The exclusion of audiovisual services from the formidable economic boost that the FTA is purported to represent is threatening this extraordinary bonanza. How selfish can the culture operators be!
The dismantling of Europe’s culture industries and policies is accelerating. The dauntless European Commission is calling into question state aid on cinema (worth 2 billion Euros/year), private copying remuneration (worth 600 million Euros) and territorial licensing (worth the business model of the entire audiovisual value chain) .

The EC bureaucracy continues to evolve in a Europe that does not exist: a Europe with one culture and one language. It ignores the constraint of a cultural market that is not a single market but an assembly of markets, expression of Europe’s diverse languages and cultures.

Not one European media group can measure with the might of US based audiovisual service companies whose marketing and distribution strength dwarf any attempt to introduce competition. Our cultural industries are being kept alive by a drip. It is to be regretted but these are the realities of the market today. They are fighting against an industry whose market is the world and who makes the most of cumulating state support mechanisms throughout the world (in the USA, Canada, South America or Europe) and who can count on the unassailable and unconditional support of the US administration, congress and White House whether at home or to conquer new markets.

Who will defend the interests of the European cultural industries? Does the trade Commissioner know that the market share of European cultural products and services in the USA is less than 5%? How does he intend to tackle the structural barriers that prevent European films or music from reaching the largest market in the world? Has he got a strategy? The truth is that the only strategy is to trade audiovisual for another industry as part of the grand bargaining. Contrary to other industries it is not only sacrificing jobs and indeed an entire industry on the altar of liberal ideology; it is about putting at risk what makes Europe so distinctive and so rich, not only economically but more importantly culturally and socially.
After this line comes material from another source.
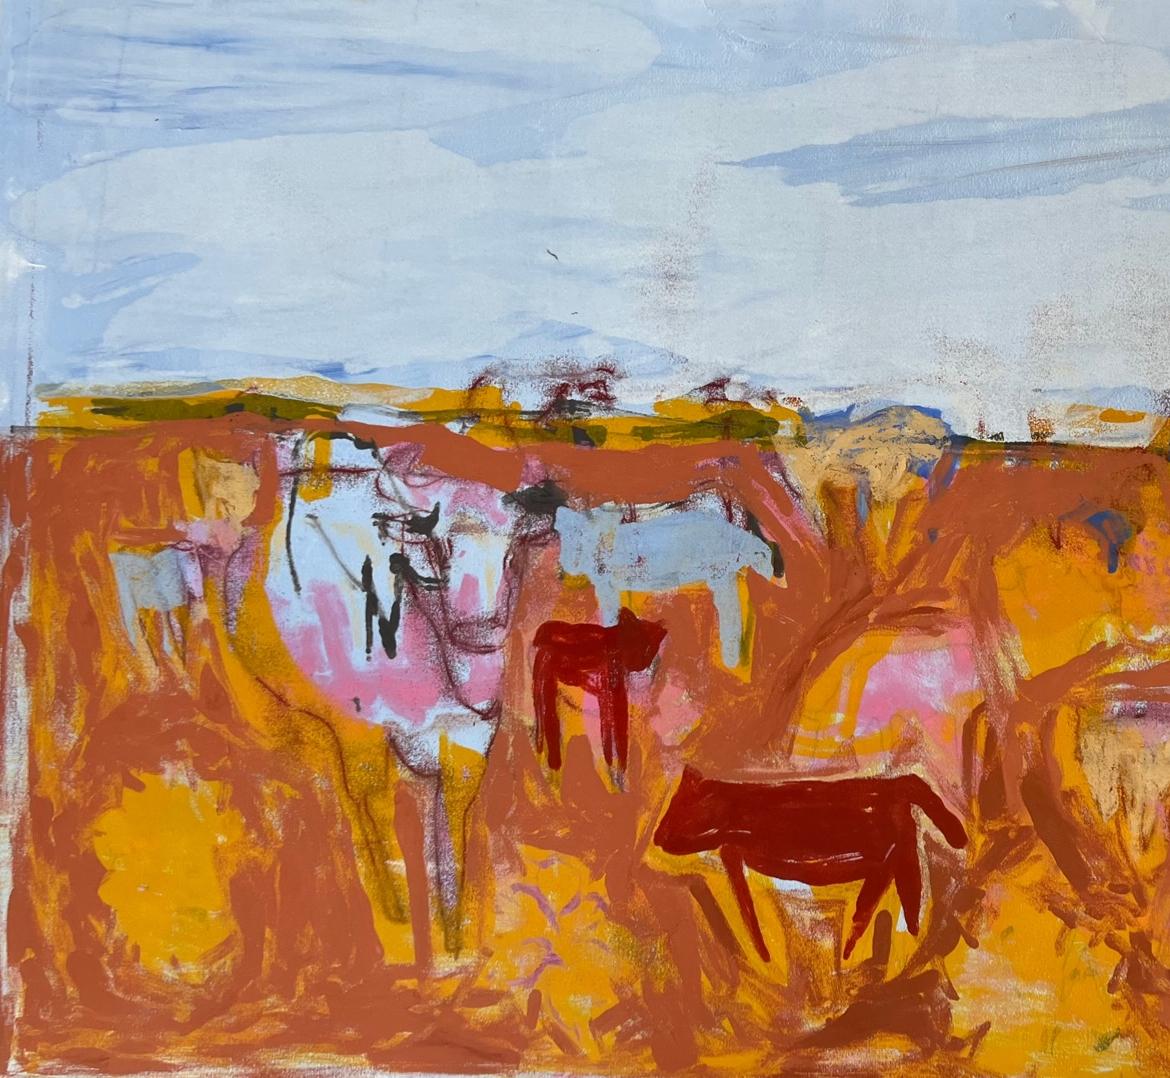 COWS Monotype 31 x 44  Abstract Figurative Art   Framed 37 x 50  Cattle - Abstract Expressionist Mixed Media Art by Charlotte Seifert

From a liberal policy point of view Europe is not suffering from any competitive disadvantage in creativity, on the contrary. Europe, because of its market structure and operators focused on their local language market has little to gain from international trade liberalization. The large majority of ministers of Culture in the EU recognise this because they know the realities of our cultural and creative enterprise.

The EU is already the most open market for cultural goods and services in the world, an openness that nourishes talents across the continent and beyond. Europe is the birth place of book publishing, recorded music, opera, theatre, pop music, literature, great architecture, fashion and design. Because of its education system and its formidable cultural resources, it is the most creative place on earth.

Europe’s cultural industries and citizens deserve a better European Commission, aware of its facts and its mission. What is the aim of a European institution that sacrifices its cultural resources and speaks out against artists and creators?